TASK INPUT:
+ + + + + + +

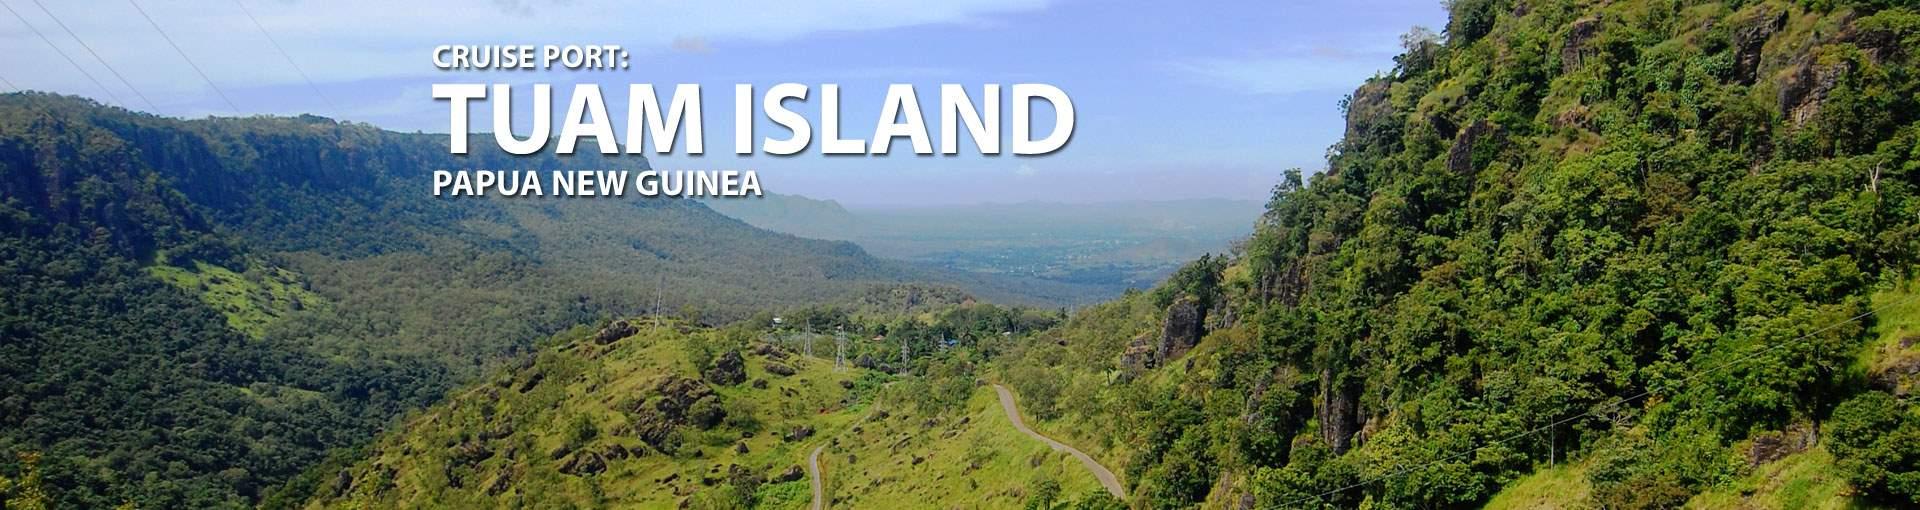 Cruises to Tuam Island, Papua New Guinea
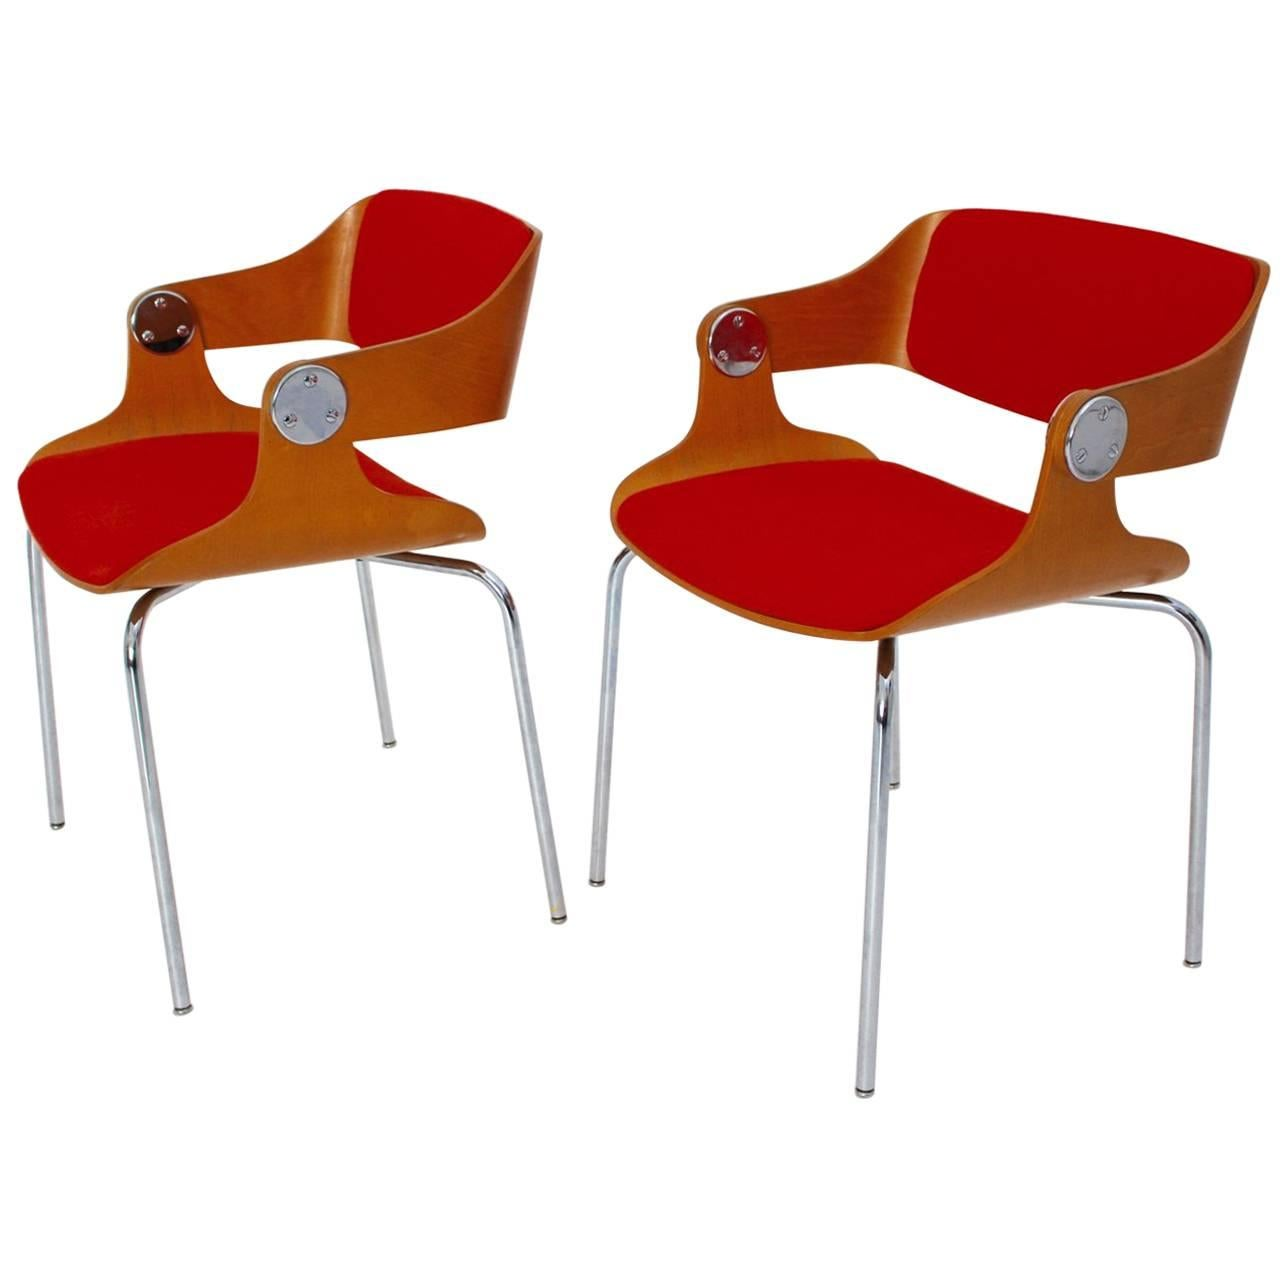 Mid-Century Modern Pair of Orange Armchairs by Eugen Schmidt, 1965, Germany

+ + + + + + +

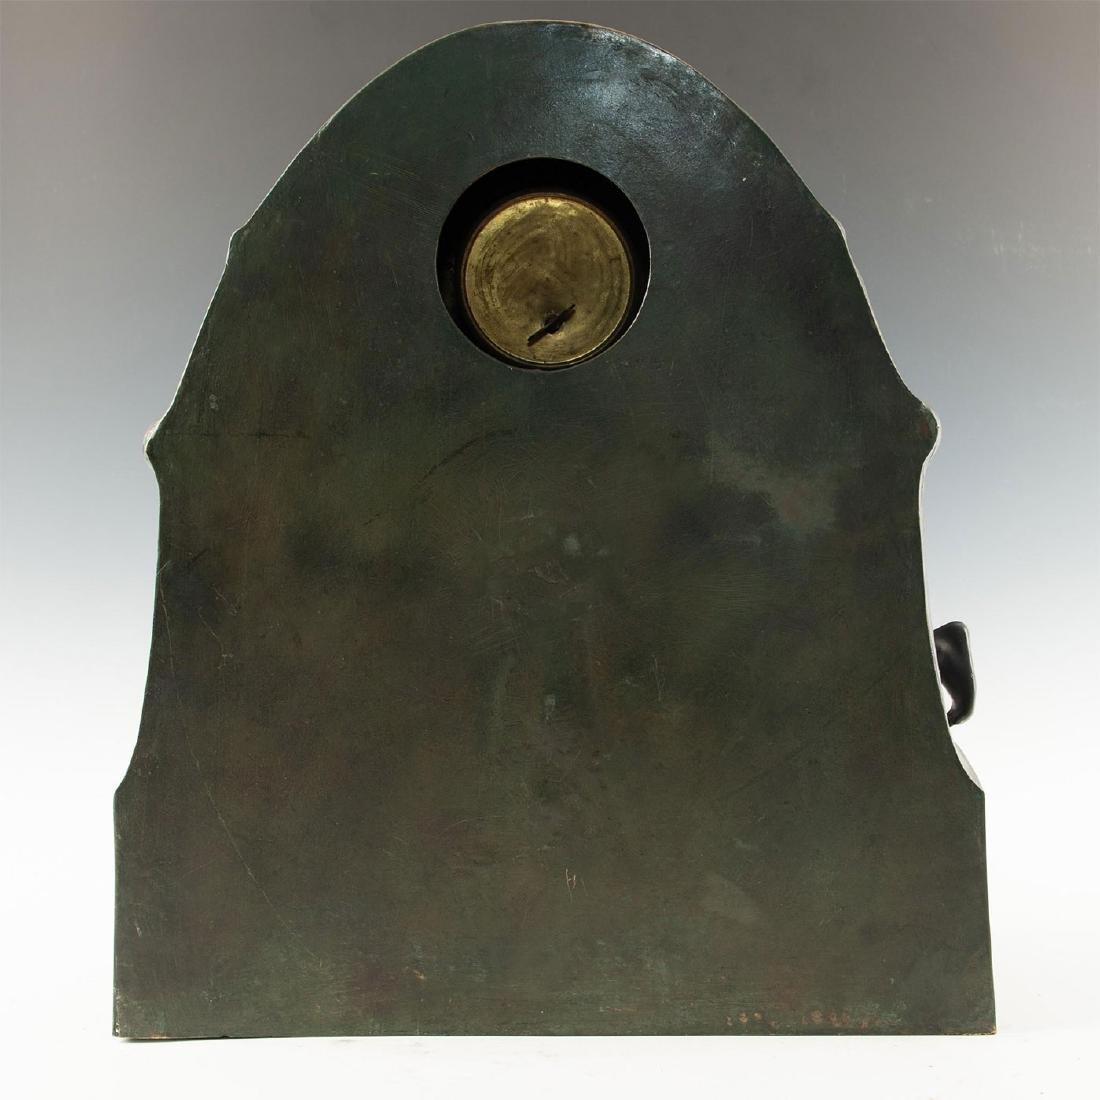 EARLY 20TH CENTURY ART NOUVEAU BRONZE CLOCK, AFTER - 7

+ + + + + + +

TASK TO COMPLETE:
"Cruises to Tuam Island, Papua New Guinea" marks the first line to copy, and "Mid-Century Modern Pair" marks the last. Repeat that stretch above exactly, with no pictures.

RESPONSE AREA:
 Cruises to Tuam Island, Papua New Guinea
 Mid-Century Modern Pair of Orange Armchairs by Eugen Schmidt, 1965, Germany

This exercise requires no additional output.